Il indique que ses collègues ont été formés dès le 9 mai à leur usage, alors que lui-même a dû attendre le 30 juin pour obtenir cette formation.
Monsieur [D] [V] produit un courriel du 26 juin 2020 rappelant à sa hiérarchie que, contrairement à ses collègues, il n’avait pas été formé à la manipulation du nouveau chariot élévateur (pièce n° 17) et une « Fiche de présence formation » (pièce n° 19).
Il ne prétend pas qu’il ne lui a pas été répondu, mais le mail qu’il produit de son supérieur hiérarchique n’évoque pas ce sujet (pièce n° 18).
L’employeur fait valoir qu’il ressort en fait de ce document qu’il a reçu sa formation en même temps que ses collègues.
Il ressort de la pièce n° 18 que Monsieur [D] [V] a reçu une formation le 30 juin. L’intimée ne contestant pas que ses trois collègues avaient été formés le 9 mai précédent, le fait est établi.
— Sur la convocation à une visite médicale à la demande de l’employeur :
Monsieur [D] [V] expose que le 29 janvier 2021, le directeur de site lui a adressé un courriel l’informant de ce qu’il était convoqué devant le médecin du travail le 1er février 2021 en raison d’épisodes de somnolence à son poste de travail, notamment lors de l’usage du chariot élévateur, ce que la salarié conteste (pièce n° 20). Il fait valoir qu’il s’agissait pour l’employeur « d’obtenir une inaptitude de monsieur [V] à son poste’ ».
L’employeur ne conteste pas le fait qu’il a demandé à ce que Monsieur [D] [V] soit examiné par le médecin du travail. Ce fait est donc établi.
— Sur la procédure disciplinaire diligentée le 8 avril 2021 :
Monsieur [D] [V] expose avoir été convoqué, par LRAR du 8 avril 2021, à un entretien préalable à sanction pouvant aller jusqu’au licenciement (pièce n° 22), à la suite duquel il a reçu un « courrier de sensibilisation ».

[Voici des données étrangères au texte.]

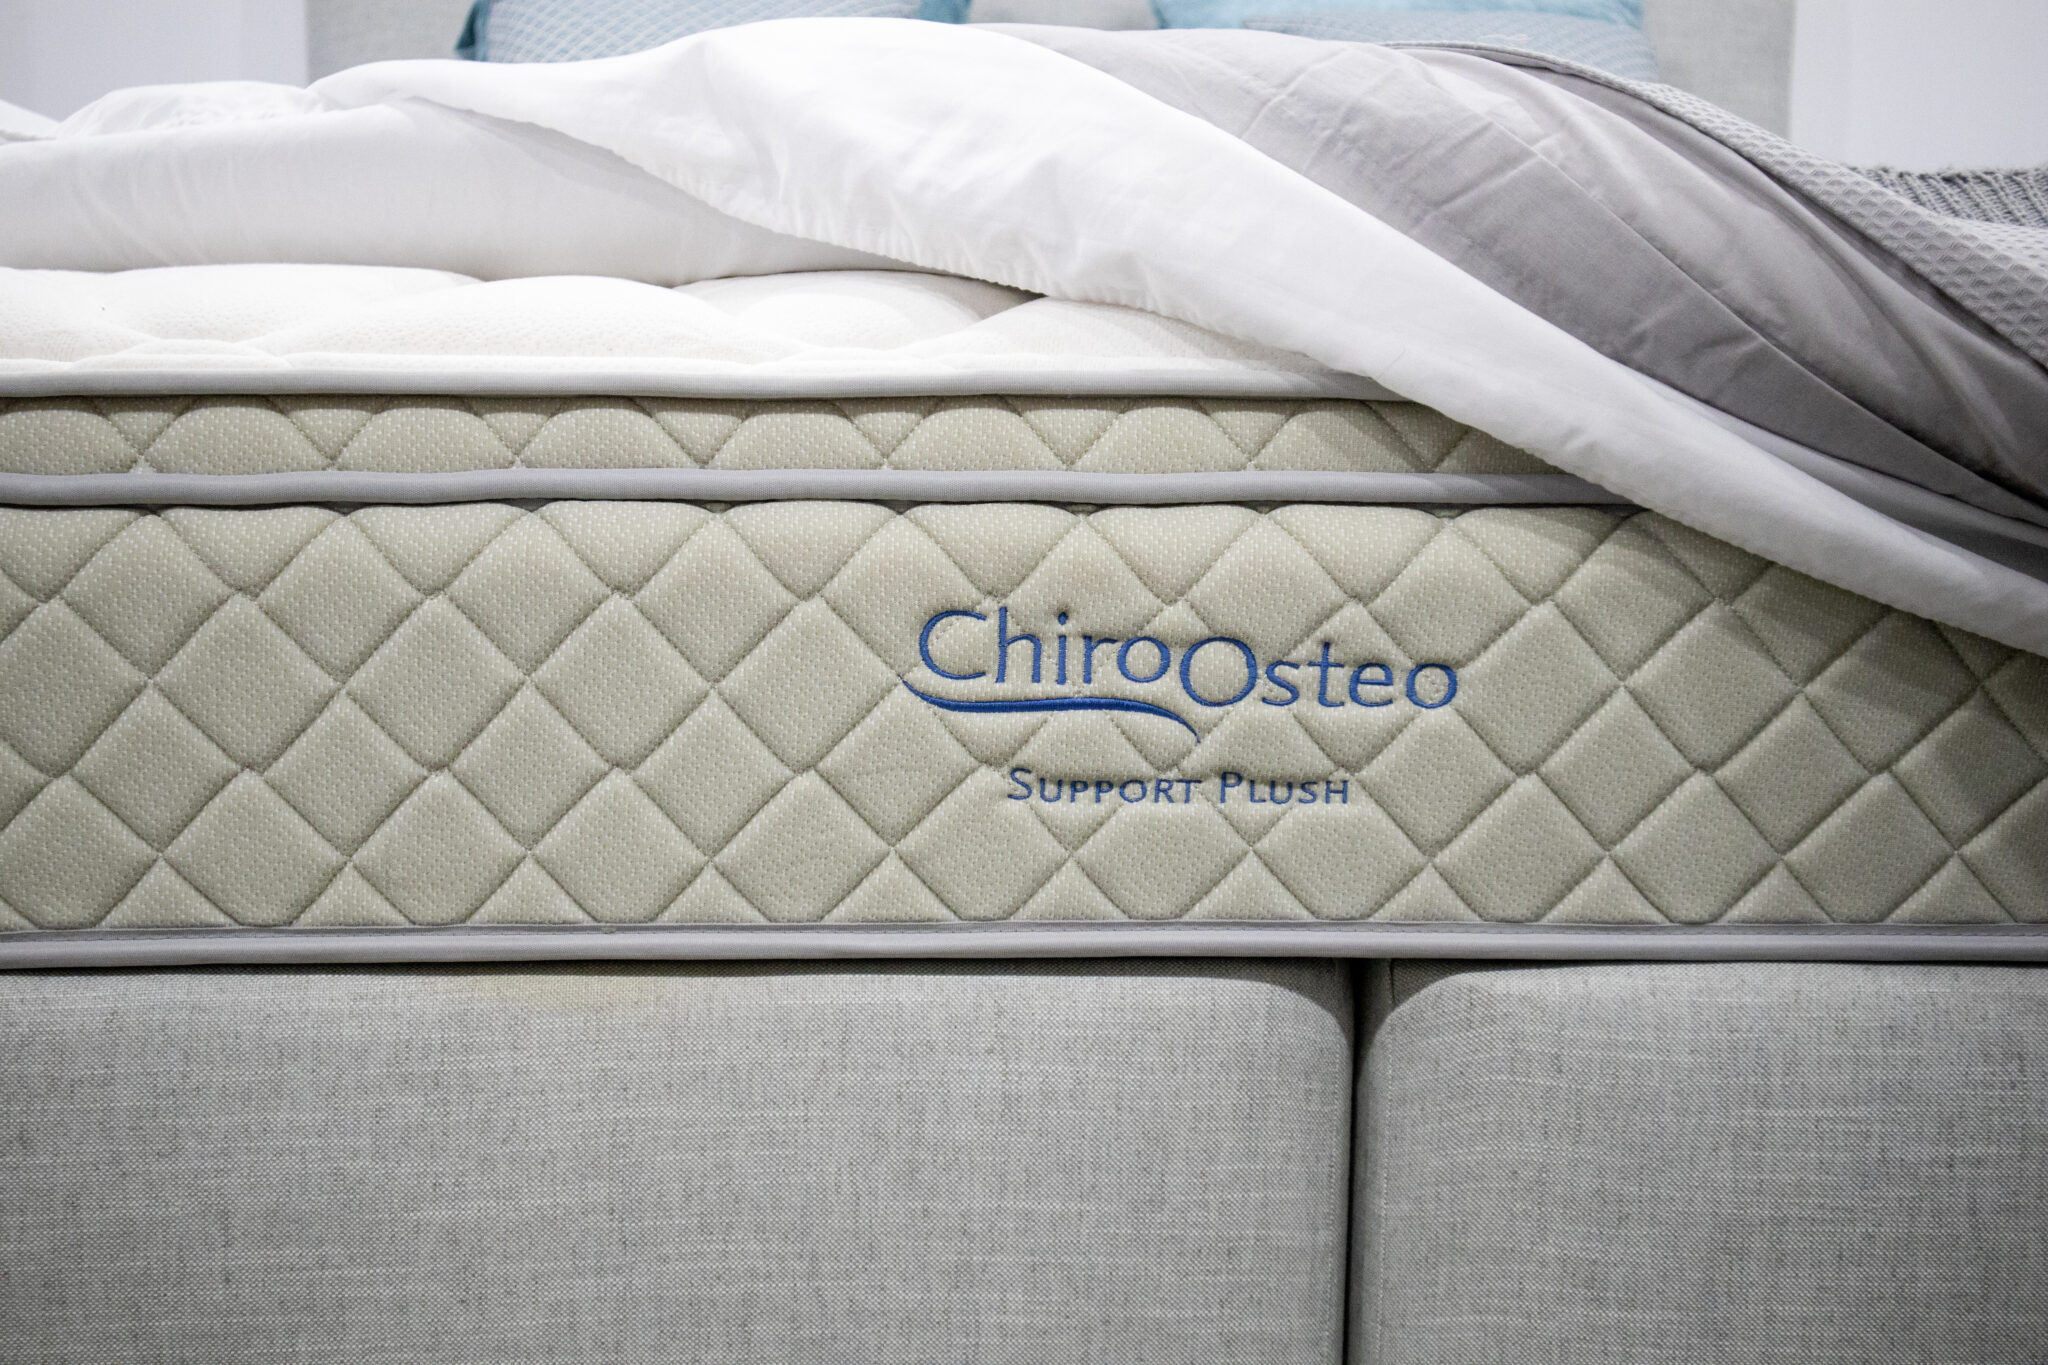 chiro-osteo plush mattress

Il ressort de ce courrier que son employeur lui reprochait d’avoir, le 7 avril 2021, manqué aux règles de sécurité, mettant ainsi sa vie en danger (pièce n° 23).
L’employeur ne conteste pas ce fait, qui est donc établi.
— Sur l’affectation à l’équipe D :
Monsieur [D] [V] expose avoir été affecté à une nouvelle équipe à compter du 20 décembre 2021, sans qu’il en ait fait la demande et alors qu’il en avait déjà changé deux fois depuis 2008,
La société GXO LOGISTICS FRANCE ne conteste pas ce fait, qui est donc établi.
— Sur le refus de formation à l’atelier 48 :
Monsieur [D] [V] expose avoir demandé le 15 février 2021 à bénéficier d’une formation, à l’instars de ses collègues, pour pouvoir être affecté au secteur atelier 48, dont la pénibilité est moindre que les autres secteurs et dans lequel un poste était vacant depuis juin 2021, en raison d’un départ à la retraite (pièce n° 27).
Il indique qu’il ne recevra en mains propres sa convocation à cette formation que le 9 septembre 2022, alors que ladite convocation est datée du 5 juillet 2022.
Monsieur [D] [V] fait valoir que son employeur a ainsi manifesté son refus de le muter à ce poste, qu’il avait demandé, pour l’affecter, contre son souhait, à l’équipe D.
Il produit plusieurs courriels dans lesquels il exprime son souhait d’être affecté au poste vacant et bénéficier pour ce faire d’une formation (pièces n° 26 à 27 et 34).
L’employeur fait valoir que Monsieur [D] [V] ne démontre pas que le poste qu’il convoitait était disponible depuis le mois de juin 2021 ni pourquoi elle aurait dû le lui octroyer.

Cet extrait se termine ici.